Tensorflow Project Exercise

Let's wrap up this Deep Learning by taking a a quick look at the effectiveness of Neural Nets!

We'll use the Bank Authentication Data Set from the UCI repository.

The data consists of 5 columns:

  • variance of Wavelet Transformed image (continuous)
  • skewness of Wavelet Transformed image (continuous)
  • curtosis of Wavelet Transformed image (continuous)
  • entropy of image (continuous)
  • class (integer)

Where class indicates whether or not a Bank Note was authentic.

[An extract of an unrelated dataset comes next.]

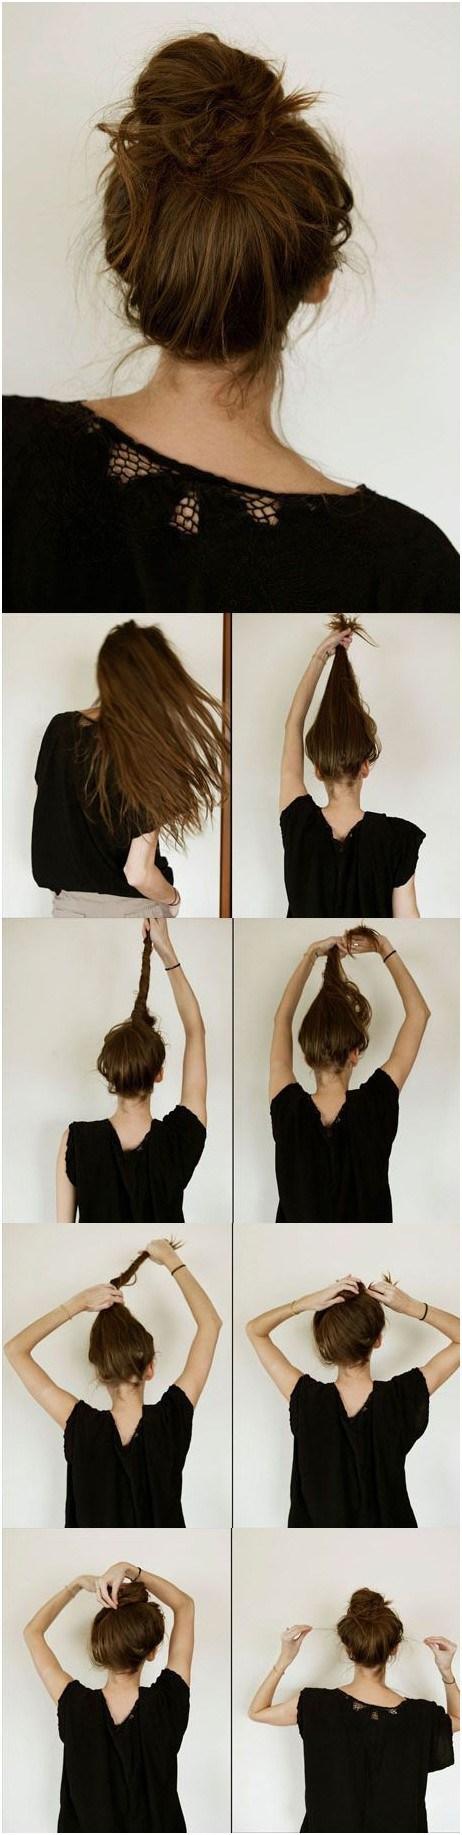 20 Easy Elegant Step-by-Step Hair Tutorials for Long ...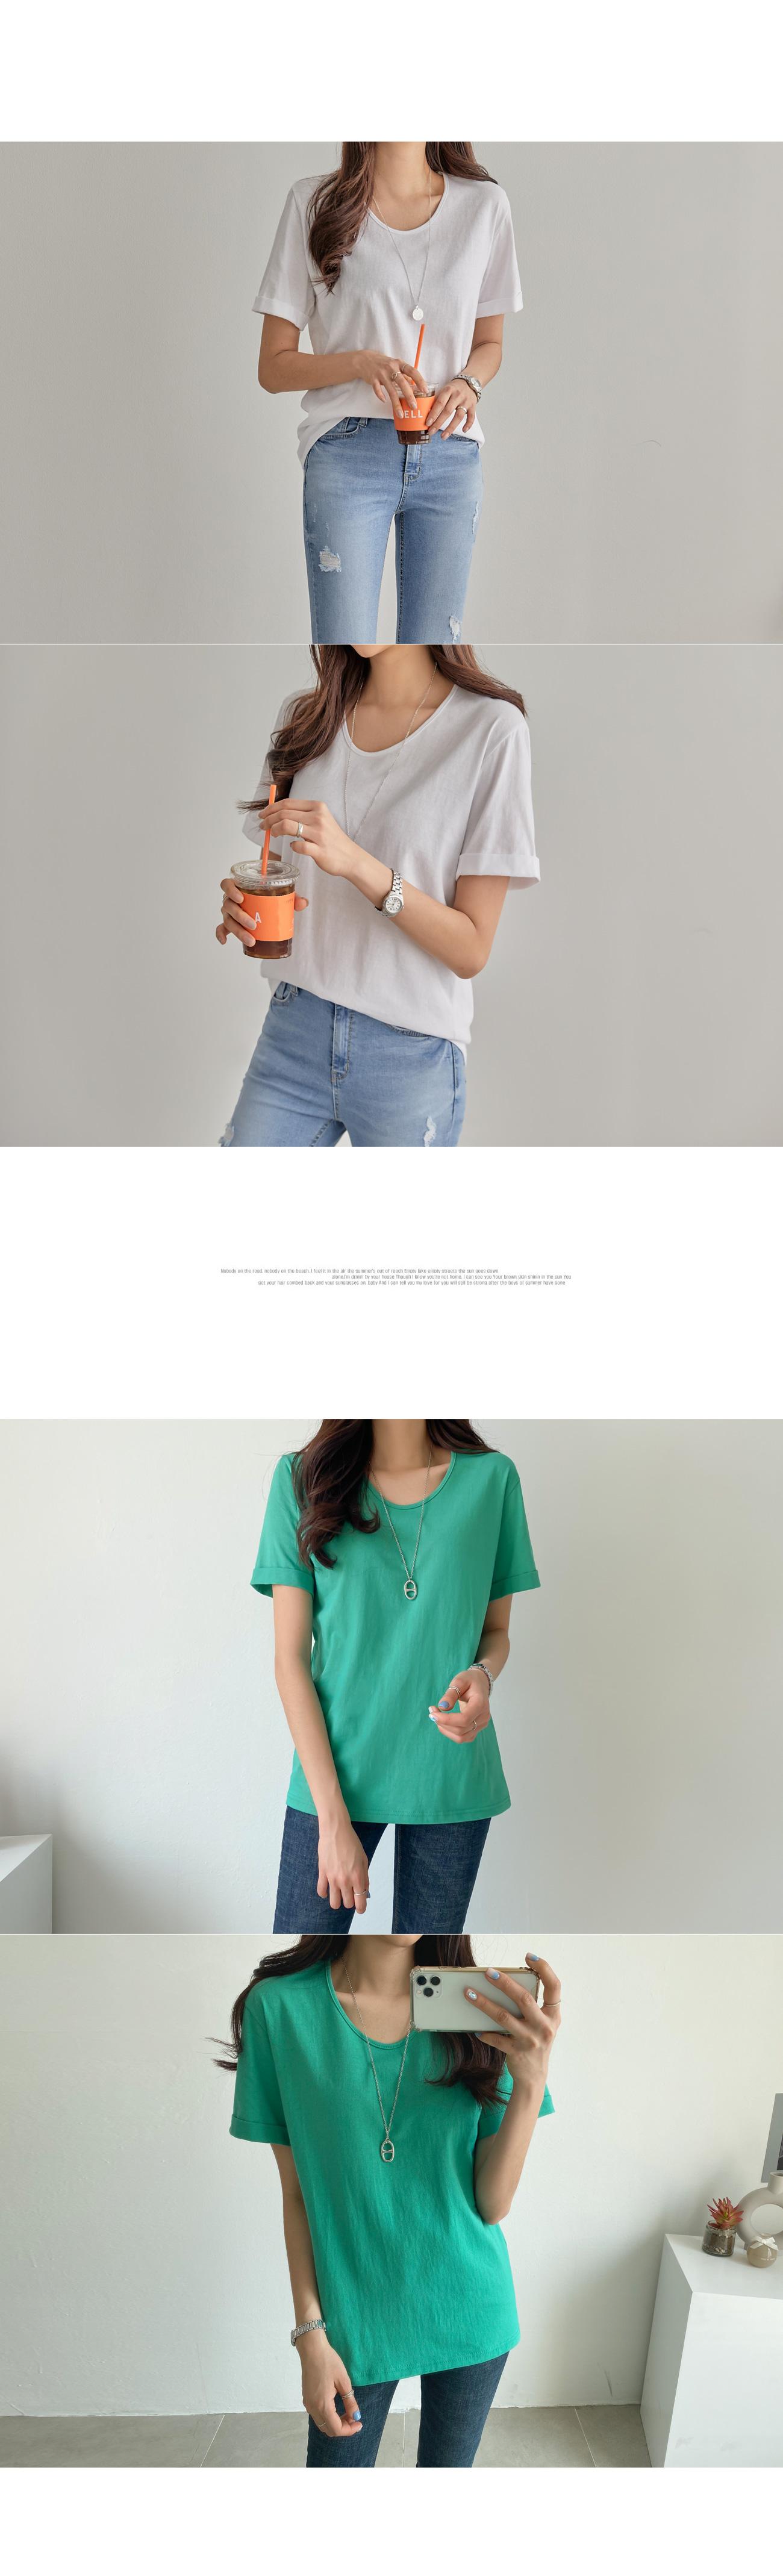 Basic Rolling T-shirt #105776

This sort of task is perfectly suited for Neural Networks and Deep Learning! Just follow the instructions below to get started!

Get the Data

Use pandas to read in the bank_note_data.csv file


In [1]:
import pandas as pd

In [2]:
data = pd.read_csv('bank_note_data.csv')

Check the head of the Data


In [3]:
data.head()


Out[3]:
Image.Var Image.Skew Image.Curt Entropy Class
0 3.62160 8.6661 -2.8073 -0.44699 0
1 4.54590 8.1674 -2.4586 -1.46210 0
2 3.86600 -2.6383 1.9242 0.10645 0
3 3.45660 9.5228 -4.0112 -3.59440 0
4 0.32924 -4.4552 4.5718 -0.98880 0

EDA

We'll just do a few quick plots of the data.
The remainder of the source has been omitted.